Une traduction française de la lettre ouverte est disponible dans l’article « L’appel de 44 intellectuels britanniques contre une définition officielle de l’islamophobie » (On peut aussi consulter la version originale anglaise. Dans la liste de signataires, on voit le think tank britannique Civitas, à ne pas confondre avec l’association intégriste catholique française.)
La lettre ouverte affirme que la définition ne convient pas à son but et constituerait une menace sérieuse, et pour la liberté d’expression, et pour la lutte contre l’extrémisme. Heureusement que le gouvernement britannique a récemment rejeté cette définition, tout comme le Conseil du comté du Lancashire l’a fait subséquemment. Toutefois, la question n’est pas pour autant réglée et le groupe parlementaire pourrait encore proposer une autre définition.
La critique que fait la lettre ouverte de cette définition d’« islamophobie » inclut plusieurs points essentiels.
- La définition est vague et ratisse trop large, sans tenir adéquatement compte des conséquences négatives pour les libertés académique, d’expression et de presse. Elle risque d’entraver la liberté de discuter de sujets d’importance fondamentale.
- Elle risque d’aggraver les tensions sociales entre communautés et d’attiser la même antipathie antimusulmane qu’elle prétend prévenir.
- Elle aura l’effet de protéger des critiques les croyances islamiques et même les extrémistes.
- Elle aura l’effet d’une sorte de loi anti-blasphème déguisée.
- Elle entravera le signalement des pratiques abusives. La peur de se faire accuser d’« islamophobie » empêchera le signalement de beaucoup de cas d’abus.
- L’amalgame que fait la définition entre race et religion aura l’effet d’étouffer les critiques légitimes de l’islam.

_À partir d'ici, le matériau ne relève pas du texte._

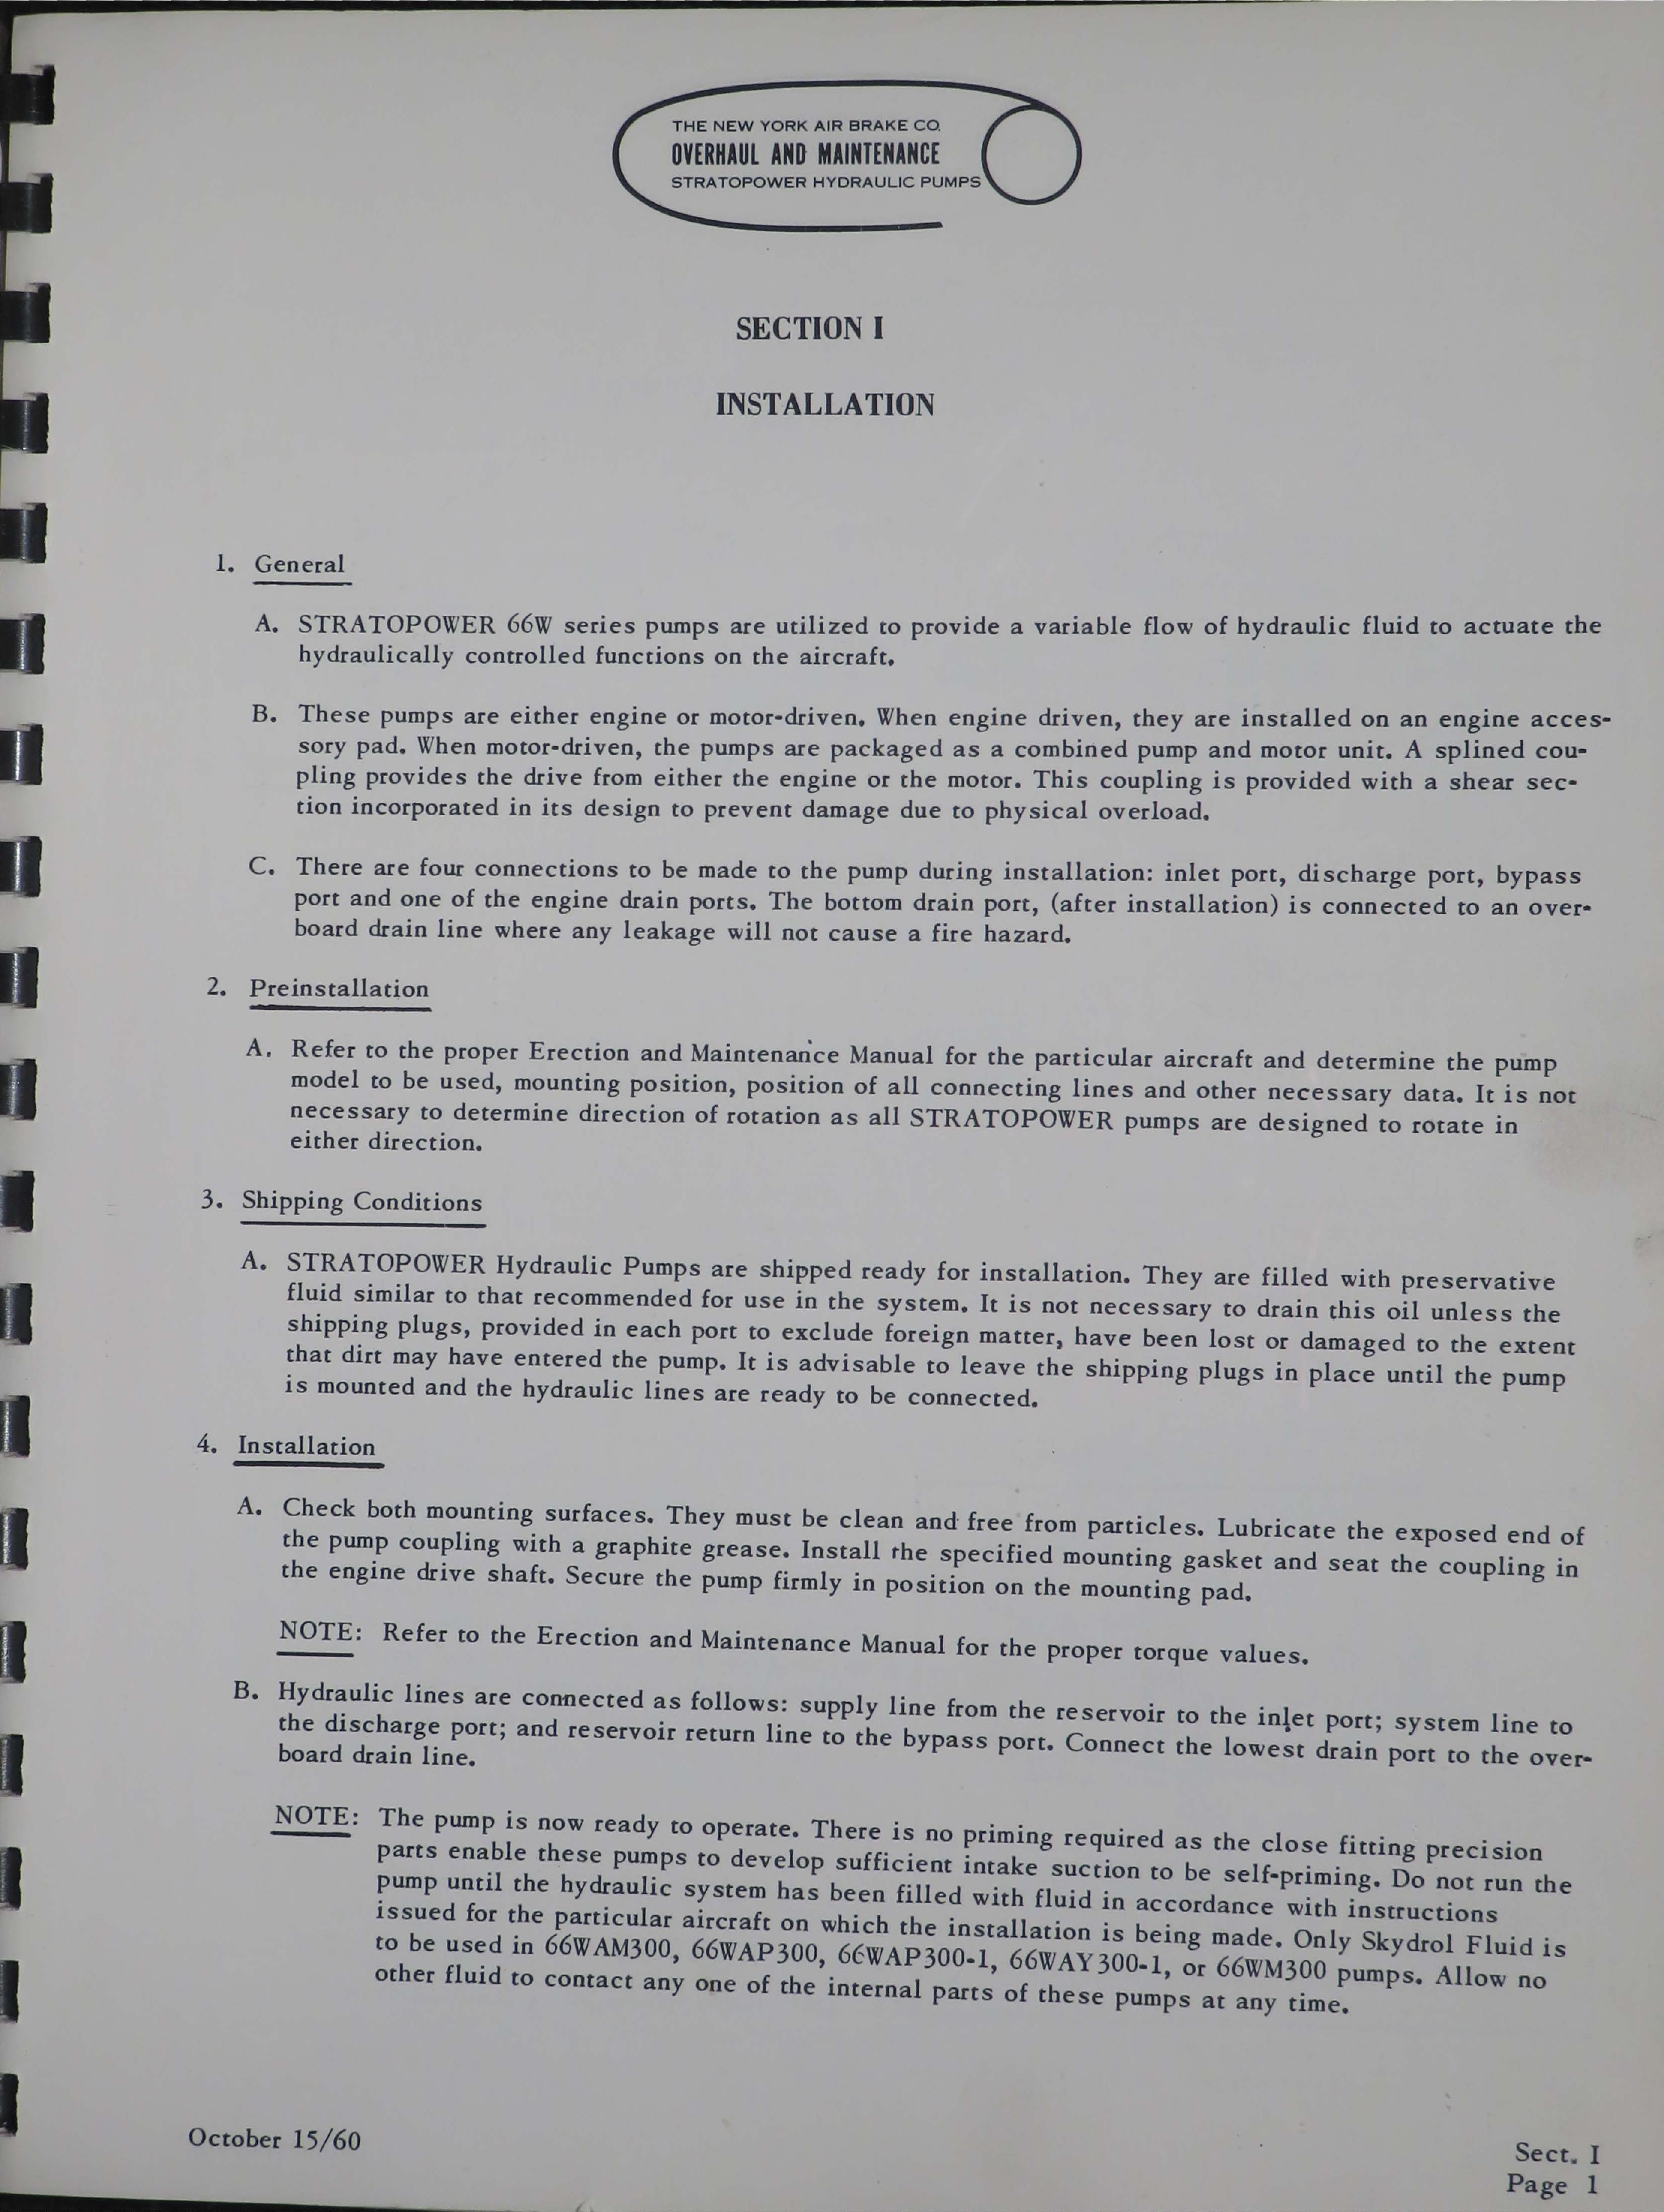 Sample page 9 from AirCorps Library document: Overhaul and Maintenance for Stratopower Hydraulic Pump - Model 66W Series - Temporary Revision No. 1

Finalement, la lettre élucide ces préoccupations par de nombreux exemples de problèmes sérieux résultant d’accusations d’« islamophobie », des problèmes que ne seraient qu’aggravés si la définition proposée était acceptée. Cette accusation a déjà été portée contre les critiques de la ségrégation religieuse et sexuelle en éducation ; contre les opposants du hijab et de l’abattage rituel halal ; contre les partisans des droits des LGBT qui s’opposent à l’homophobie islamique ; contre les ex-Musulmans et les féministes qui critiquent les attitudes et pratiques misogynes islamiques ; contre les gens qui se préoccupent de la question des « grooming gangs » impliqués dans des affaires d’abus sexuels ; contre des journalistes qui enquêtent sur l’islamisme ; contre des Musulmans qui travaillent dans le domaine de l’anti-extrémisme ; contre des écoles et le Bureau de normes éducatives pour avoir résisté à la pression religieuse conservatrice et imposé l’égalité des sexes.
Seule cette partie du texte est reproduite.